Although black trousers did occur, especially at daytime, the black frock coat was commonly worn with charcoal grey, pin-striped or checked formal trousers. The single-breasted frock coat sporting the notched (step) lapel was more associated with day-to-day professional informal wear. Yet, from the end of the 19th century, with the gradual introduction of the lounge suit, the frock coat came to embody the most formal wear for daytime. Especially so when double-breasted with peaked lapels, a style sometimes called a Prince Albert after Prince Albert, consort to Queen Victoria. The formal frock coat only buttoned down to the waist seam, which was decorated at the back with a pair of buttons.

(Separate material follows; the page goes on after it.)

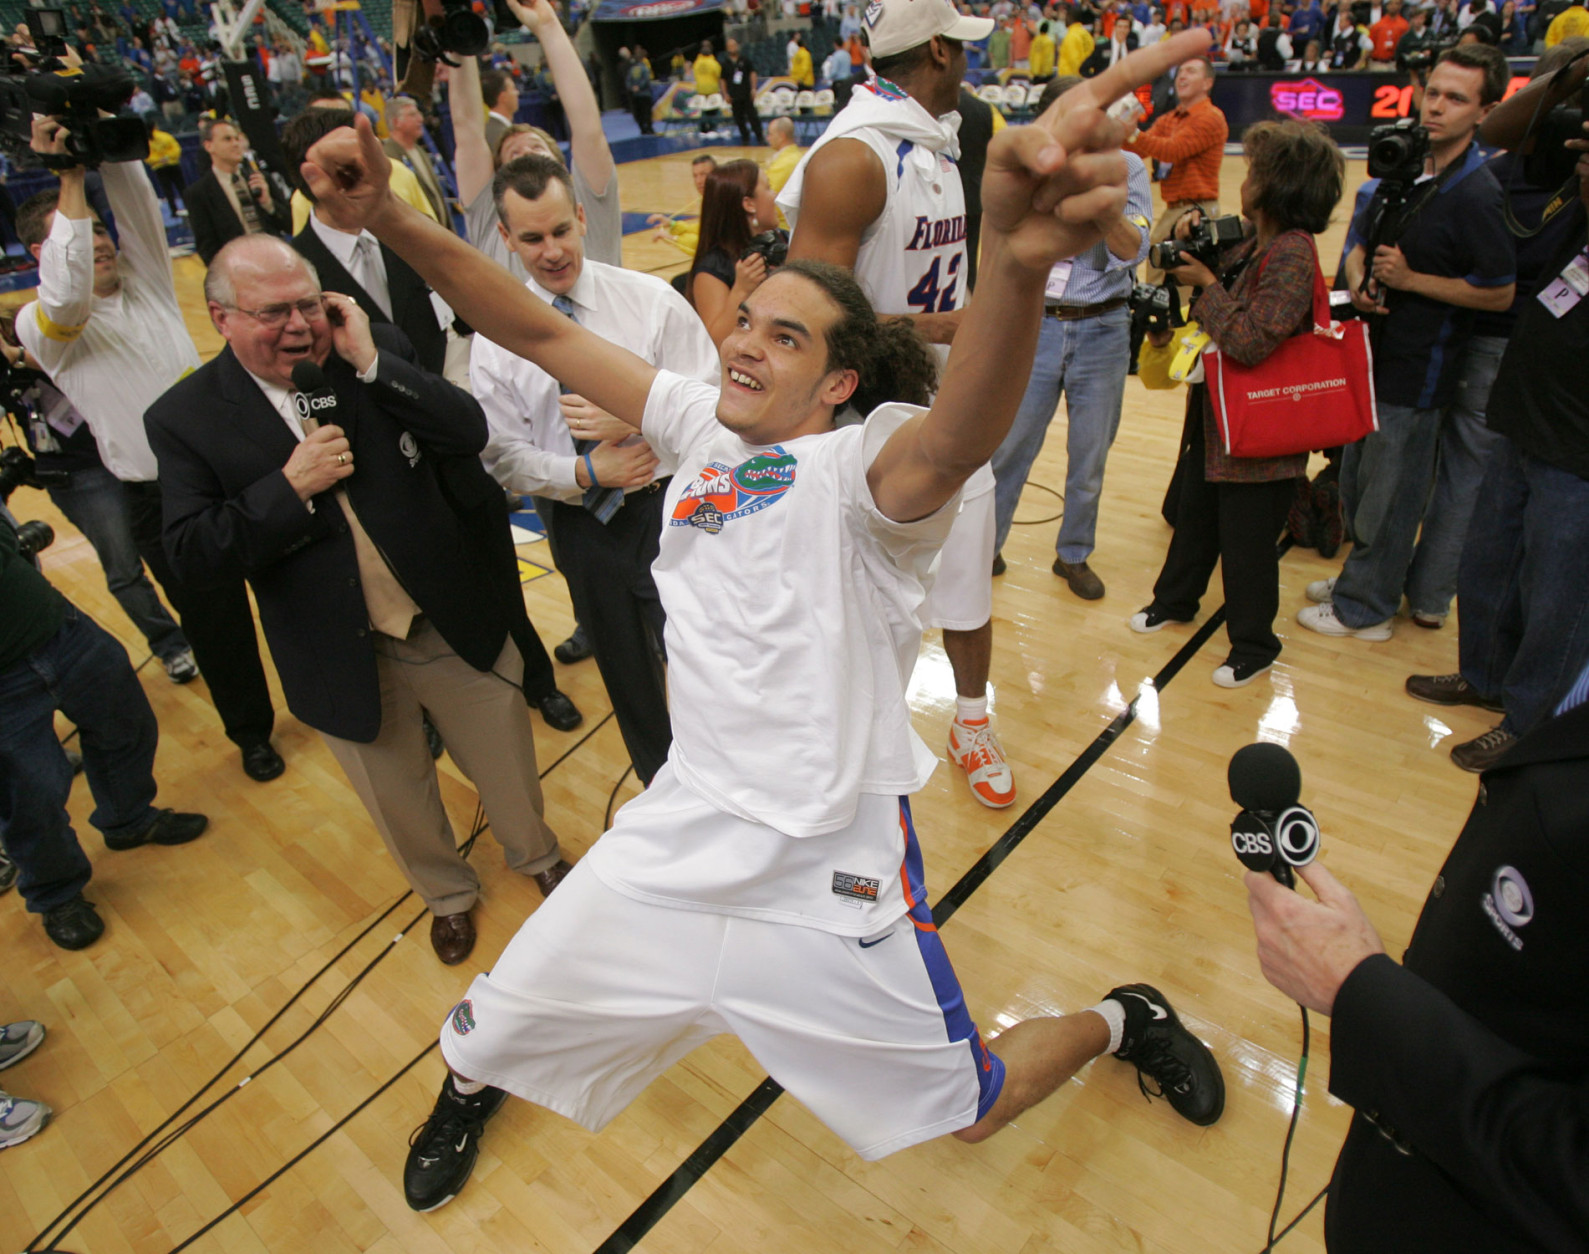 Florida's Joakim Noah reacts to the crowd following a 77-56 win over Arkansas during their Southeastern Conference basketball tournament championship game at the Georgia Dome in Atlanta, Sunday, March 11, 2007. (AP Photo/John Bazemore)

The cassock, a coat that is buttoned up to the neck, forming a high, stand-up Roman collar for clergymen, was harmonised to the style of the contemporary frock coat.

By the late 19th century, the knee-length dress coat, morning coat and shorter cut lounge suit were all standardized. While the dress coat and the morning coat are knee-length coats like the frock coat and traditionally share the waist seam of the precursor, they are distinguished by the cutaway of the skirt which gives dress coats and morning coats tails at the back. From the 1920s, the frock coat was increasingly replaced as day formal wear by the cut-away morning coat. In 1936, it was suspended from the protocol of audiences at the British royal court. While effectively relegated to a rarity in formal wear ever since, it does occur in certain formal marriages and traditional processions.